Work to be completed. Find the line below with "Ralph Lauren backless, sleeveless" and the line with "The dress features". Output exactly those lines and everything between them, leaving out the pictures.

Records: Begin

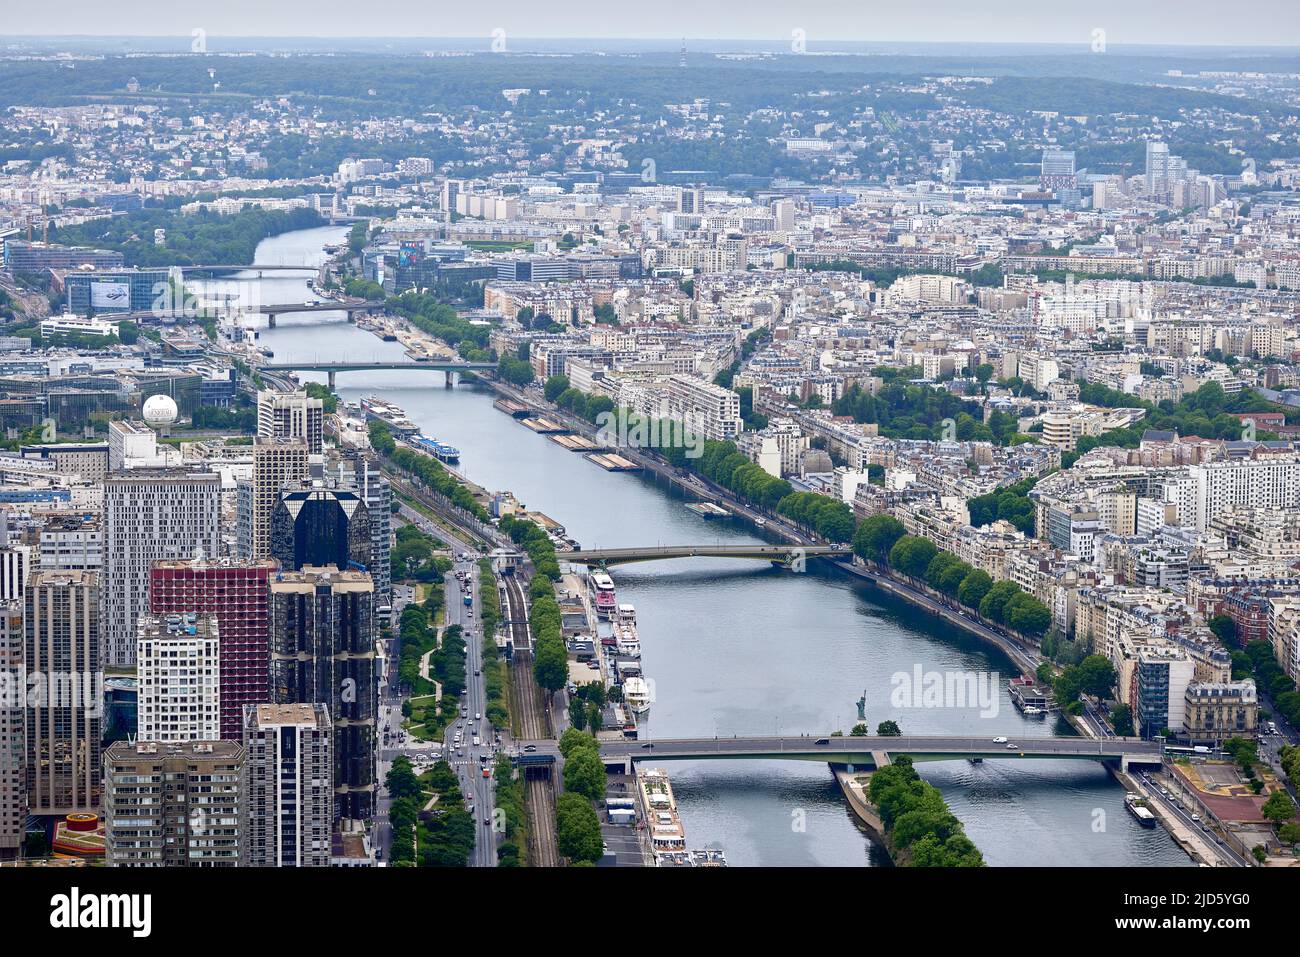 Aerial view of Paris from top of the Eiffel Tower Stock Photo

Records: End
Records: Begin

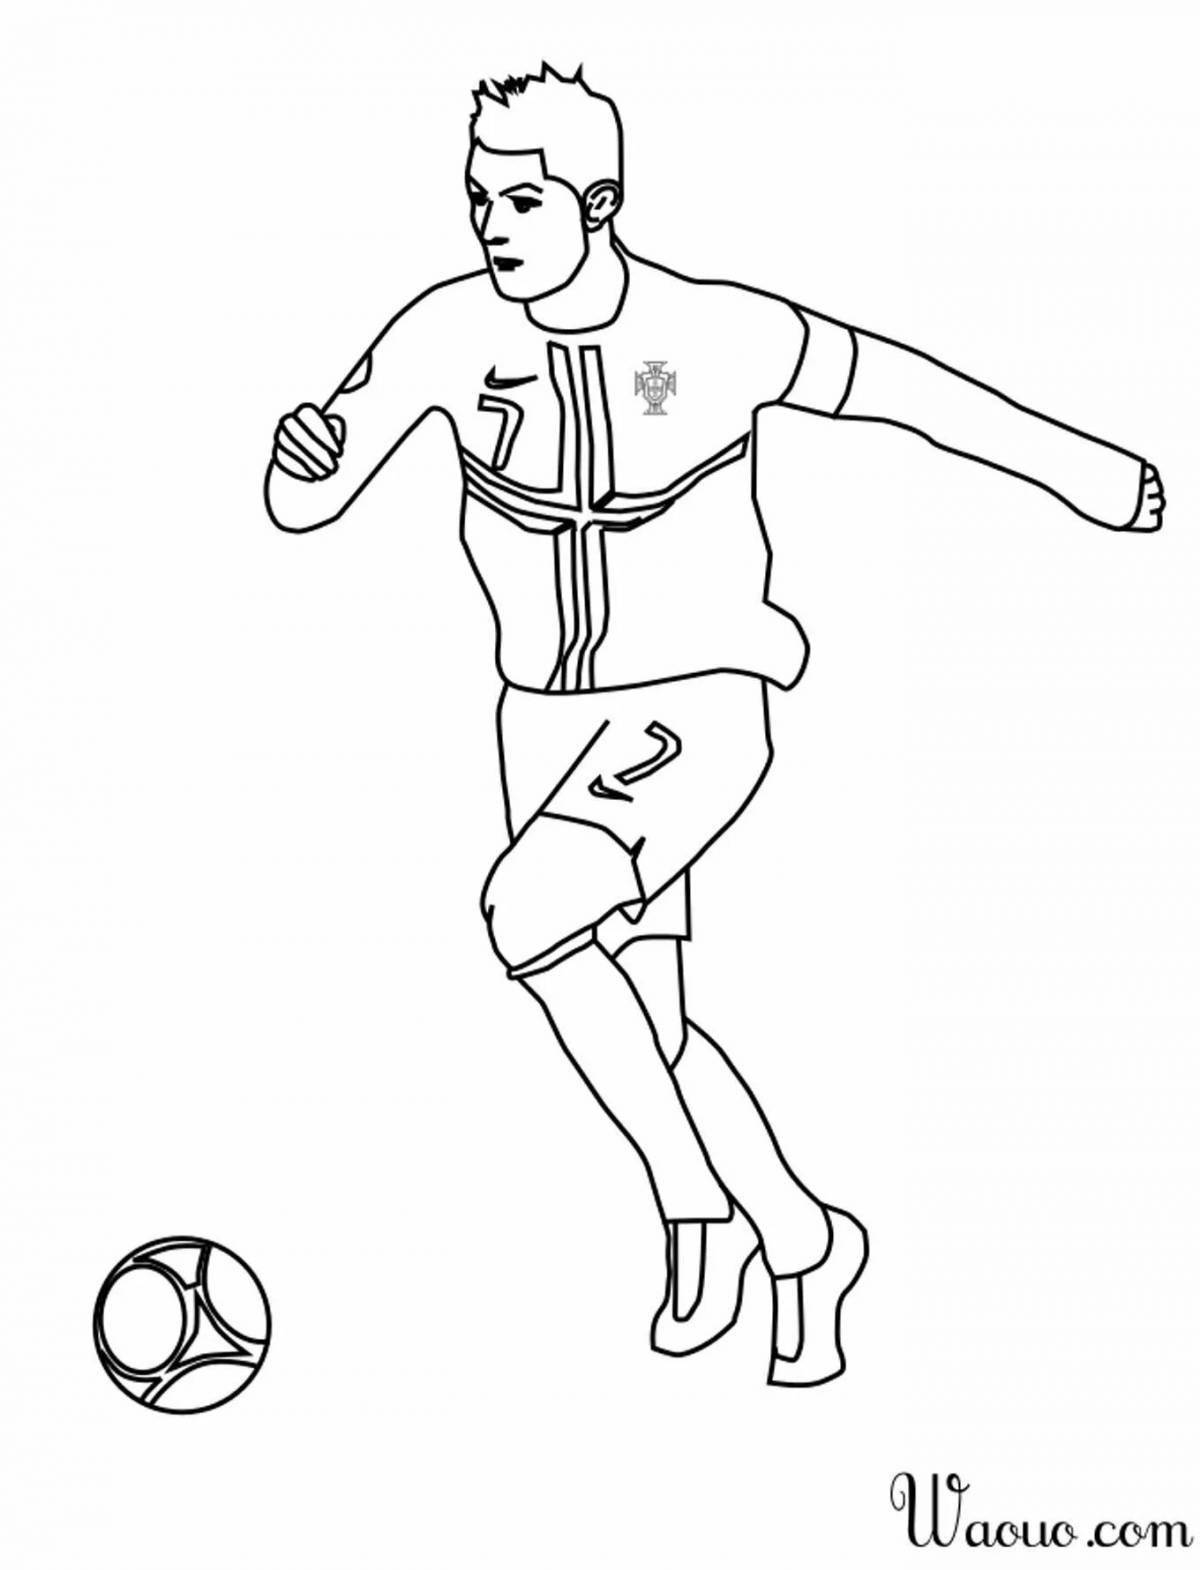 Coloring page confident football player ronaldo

Records: End
Records: Begin

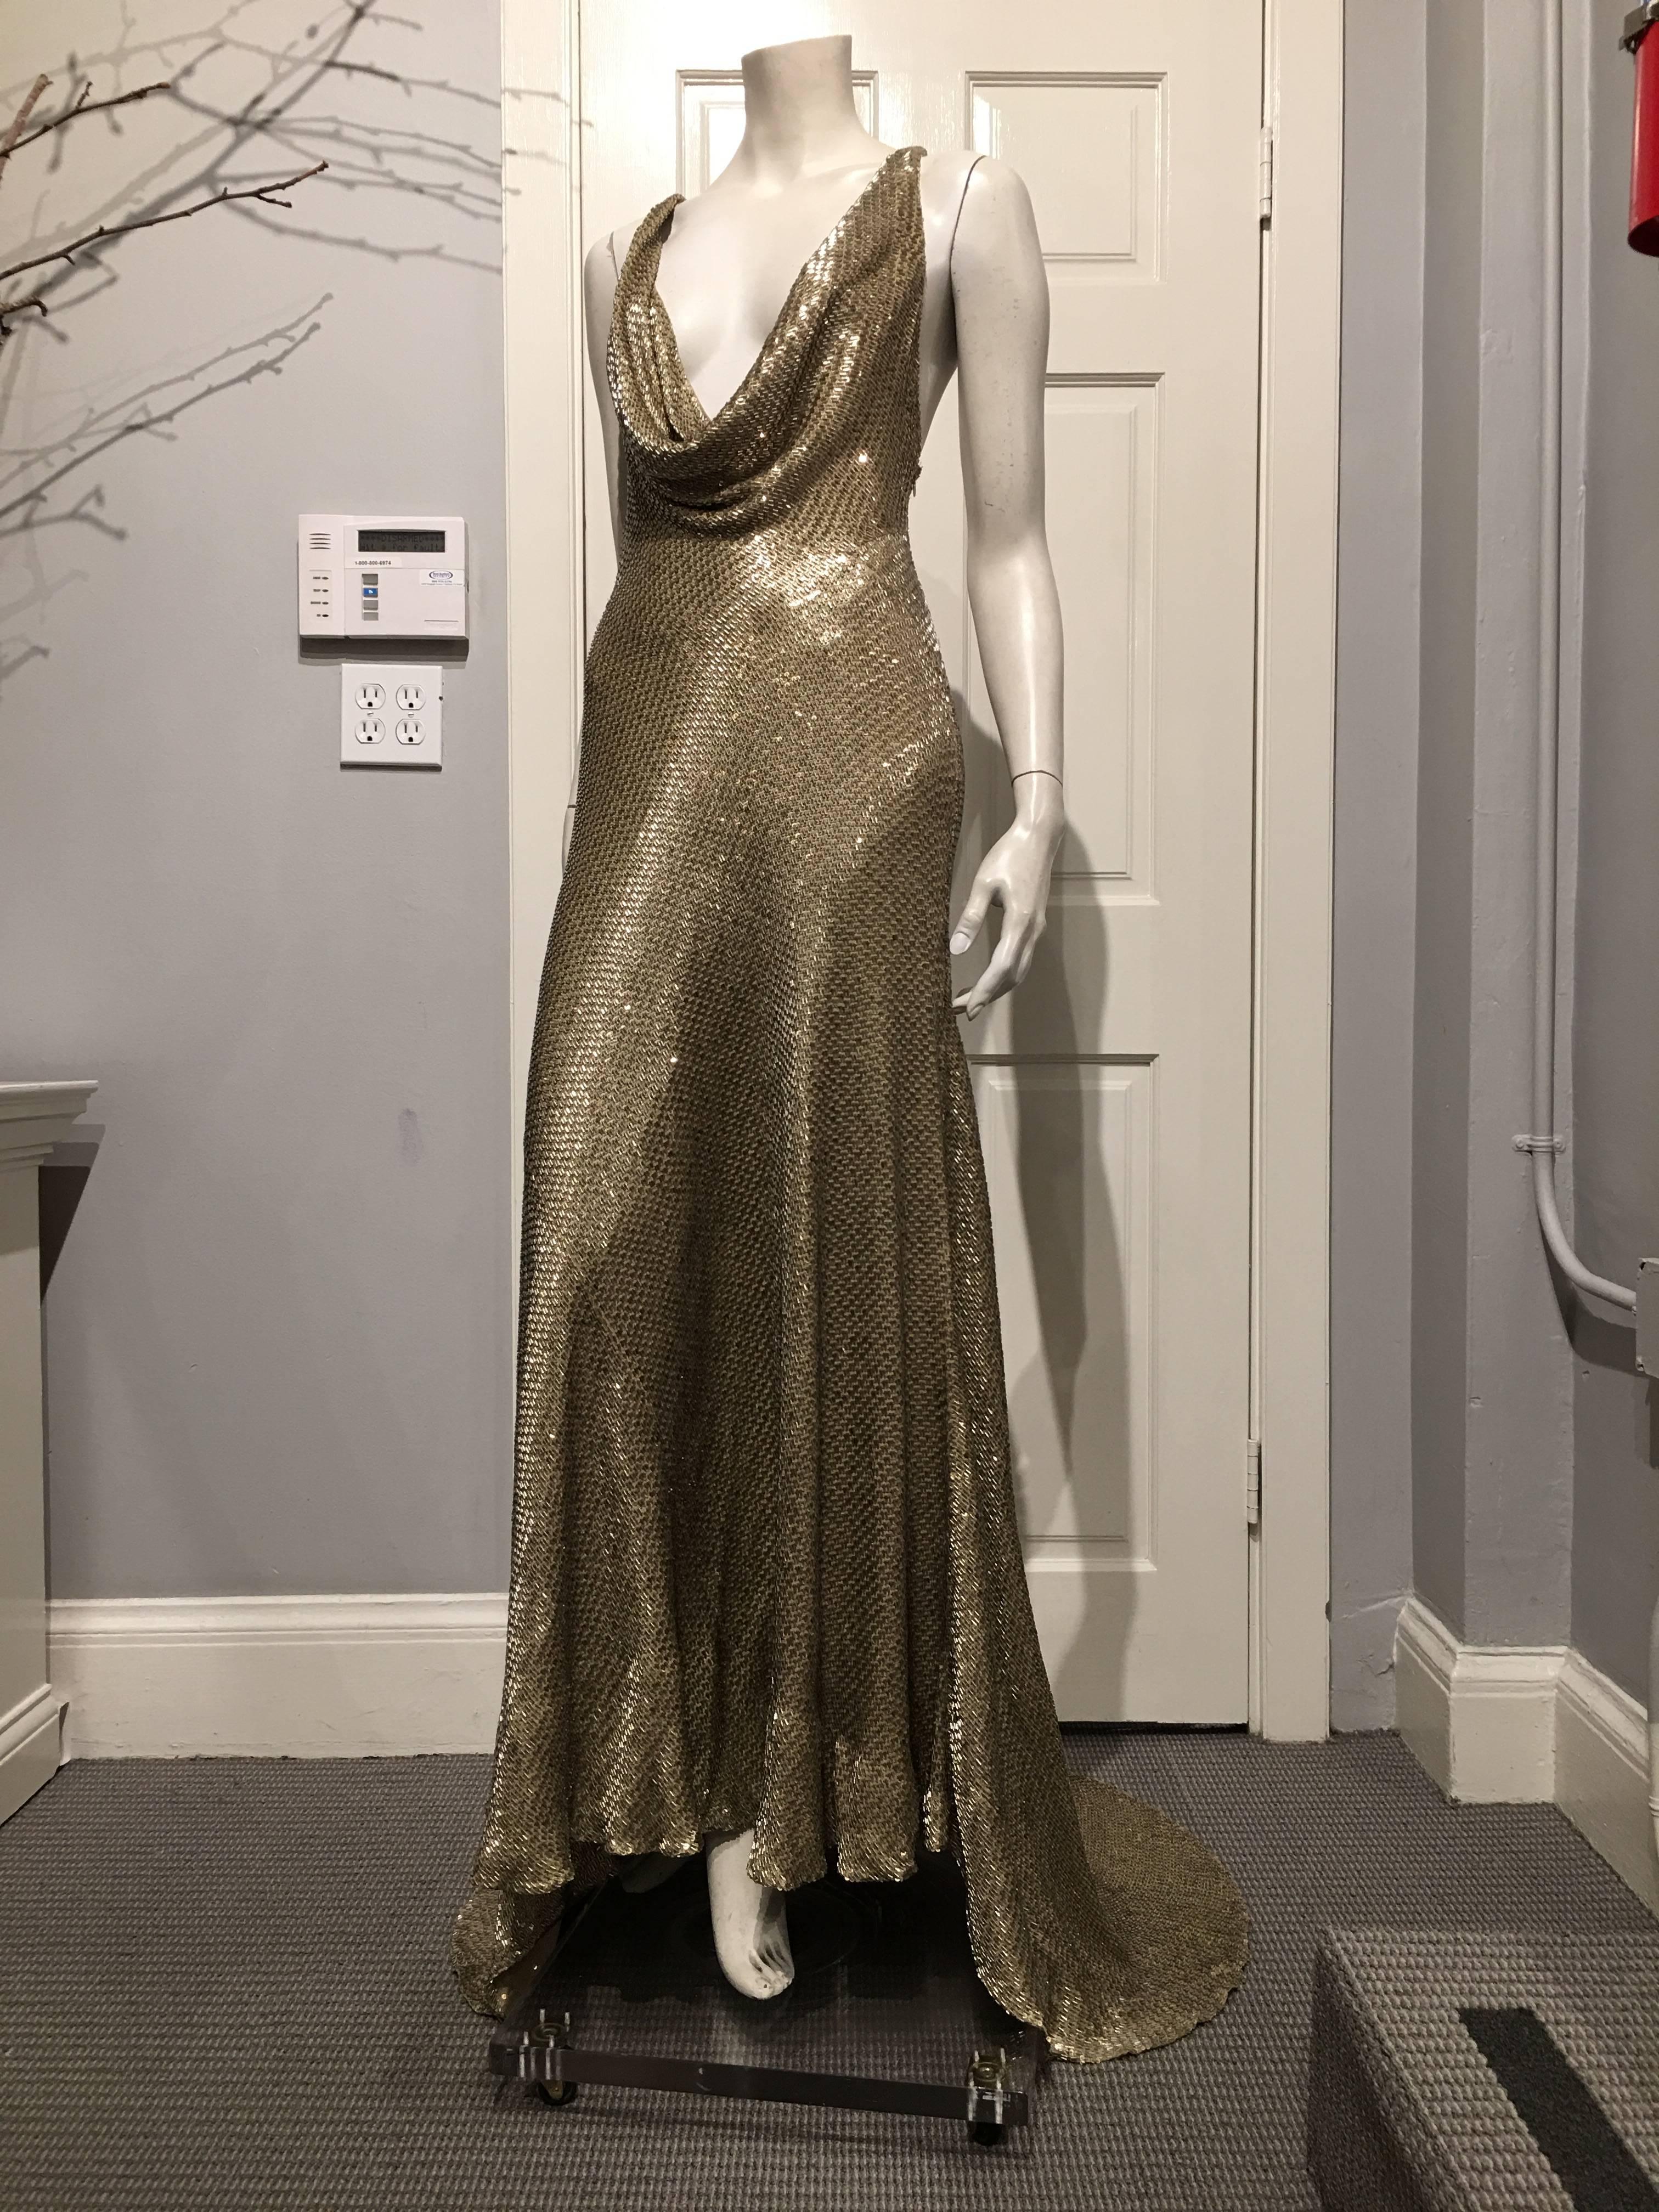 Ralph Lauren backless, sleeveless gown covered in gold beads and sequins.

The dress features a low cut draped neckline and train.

Records: End

Exercise output.
 Ralph Lauren backless, sleeveless gown covered in gold beads and sequins.

The dress features a low cut draped neckline and train.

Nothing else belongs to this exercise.